Abstract Mining waste in tailing storage facilities contains high ionic strength salts that pose a potential threat to the environment. Kaolin clays are receiving great interest recently for engineered barriers as minimal shrinkage cracks occur in these 1:1 clays. The present study evaluates the hydraulic, volume-change, diffusion, and retardation characteristics of kaolin clay and xanthan gum amended clay under the hydro-chemo-mechanical loading conditions pertinent to the mine storage applications. A biopolymer, Xanthan Gum, was explored to amend the kaolin for the application of barrier to address the environmental concern. The barrier design parameters for tailing disposal facilities such as diffusion and retardation characteristics, were evaluated using the through-diffusion experiment. Diffusion tests were conducted on the samples obtained from the hydraulic permeation tests under mechanical loading to simulate the field conditions.
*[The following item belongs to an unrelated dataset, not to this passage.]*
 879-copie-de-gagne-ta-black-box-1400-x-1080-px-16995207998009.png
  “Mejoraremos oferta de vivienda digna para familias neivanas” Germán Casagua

Theoretical concentration profiles for both kaolin and xanthan gum amended kaolin barriers were obtained by the numerical simulation of the advection-diffusion equation using the finite difference method. The xanthan gum improved the chemical compatibility, reduced the hydraulic infiltration rate, and reduced diffusion rates significantly. The results from the study suggested the suitability of xanthan gum amended kaolin barrier for attenuation of contaminants and as a sustainable alternative in tailing disposal facilities.